Well, I couldn't resist not making one myself, so here it goes:

I have a little VB App that will ask for your username and password, and will give you an "access key" once you get the right info, this is pain-stakingly easy (heck, you don't even need to know the username and password - big hint. ), but, this is just to rev up your engines, as this is part 1 of my four part VB/PHP/MySQL/C++ Cracking Challenge.

Each challange will connect onto the next challenge, so the end product that you get from this one, will be highly important for the next challenge that you undertake.

you can find the program here.

http://xeek.trap17.com/lorem.exe

Have fun,

-whyme

small topic title name change hacking = cracking

This post has been edited by jipman: May 8 2005, 12:22 PM

Not fond of VB but still was able to do this challenge under Linux, which is just a bonus, since I hate needing to switch back to Windows.

Hopefully you'll bring more challenges similar to this but a bit harder, we could find all the information we needed just viewing this in a hex-editor, without needing that username and password but we could use them and still get a popup of what the key is.


Cheers,


MC

Hehe.. I did it in windows too and pm-ed you a snapshot. As MC pointed out - I never needed to figure out your password.
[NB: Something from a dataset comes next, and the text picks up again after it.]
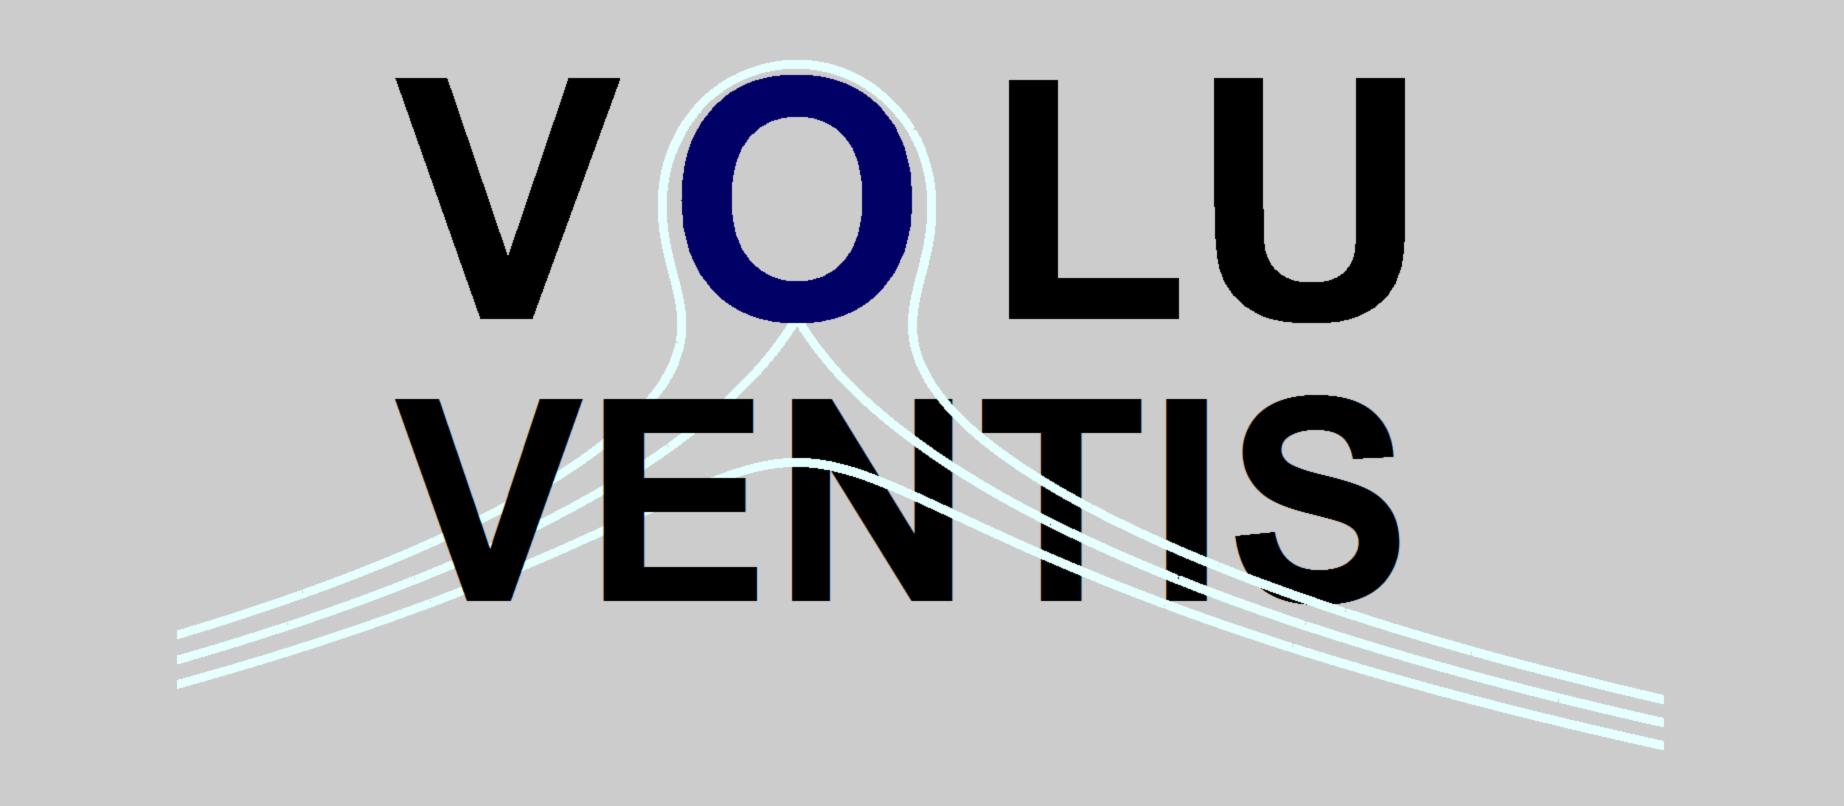 Volu Ventis logo

I got to the popup of your keys straight out Check your pm for the resultant screenshot - it's on imageshack... and I'd have uploaded the cracked file but now it's in such a state that you can type any login/pass and get to your final popup screen I went one step up and removed all the your login/pass checking parts from the code and fixed the JUMP instructions to point straight to your popup box.. this way it completely bypasses your verification system.. no more pass needed.. the snapshot that you've received was logged in with "blah" & "blah" as username/pass

Comeup with somethign harder next time..

Regards,
m^e

WOW....
why are VB windows executables made up of 75% NULL.
that doesnt happen on the GNU c++ compiled ececuatbales.

anyways....
yeah, ive completed it too, but i used the *nix strings command instead of a hex-editor.

are we supposed to PM the answers, or post them ???

edit:
lol, ahh, found a second set of passwords and usernames after i relxed grep and discovered the typo.
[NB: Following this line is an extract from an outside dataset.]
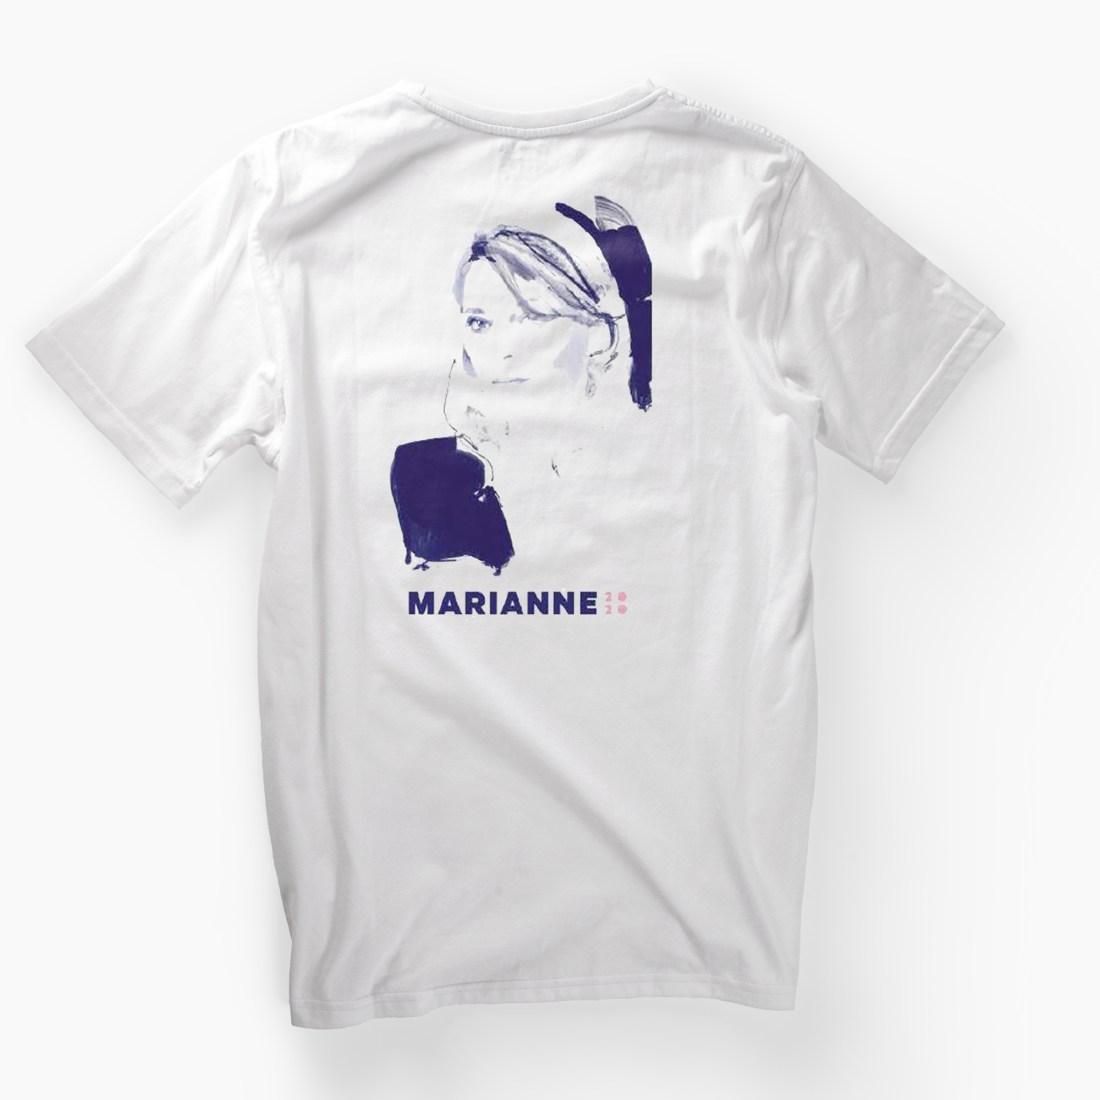 Marianne Williamson T-Shirt by David Downton (marianne2020.com)

Haha, like what I said, this isn't meant to be hard or challenging, only to start up your engines for the next one.

I'm currently developing the next challenge in PHP , and that "end product" you get from this challenge will be important for the next one.

I expect to be done in 5 - 8 days.

cheers,

-whyme

lol.. okay, i thought that was a clue to start reverse engineering

m^e,

If I maybe so bold, I want to test your theory on the any state.

Depending on how your altered the jump, how about inputting the correct username and password into it and seeing whether this is the case?


MC

Hehe okk.. once this challenge is over - I'll upload the cracked file here Even the correct username pass will work..

altering jump instructions with hex-editors used to be what all the 7337 h@)(0r$ were doing back in the Amiga days.

anyone have an amiga ?

i remember when you booted a game (cos thats what you did, games didnt run inside OS's)
a crached game would show up a page bragging about who pirated and crached is..

"Crystal Cracked" were quite famous.

this bragging page would often have very amasing graphics, cool music.
eventually, the bragging page became more important that the cracking.

and this is how demo's came to be (or thats how the legeng goes)

they also used to post the hpone numbers of the BBS servers that these hackers used to run.

damnit.. i really was born 10 years too late.

in the amiga days, we didnt have any of this Geforce FX 6800 SLI PCI-E crap !

We had the "Angus" Chip, and if you were rich, you upgraded to "Fat Angus"
and if you were really rich, you could go crazy, an buy a super charged "Fatter Angus" chip.

and if you were a billionaire, you could rpobably afford 2mb or ram for $300.

ahh the good old days.

Don't work for me, it said I am missing a dll or something.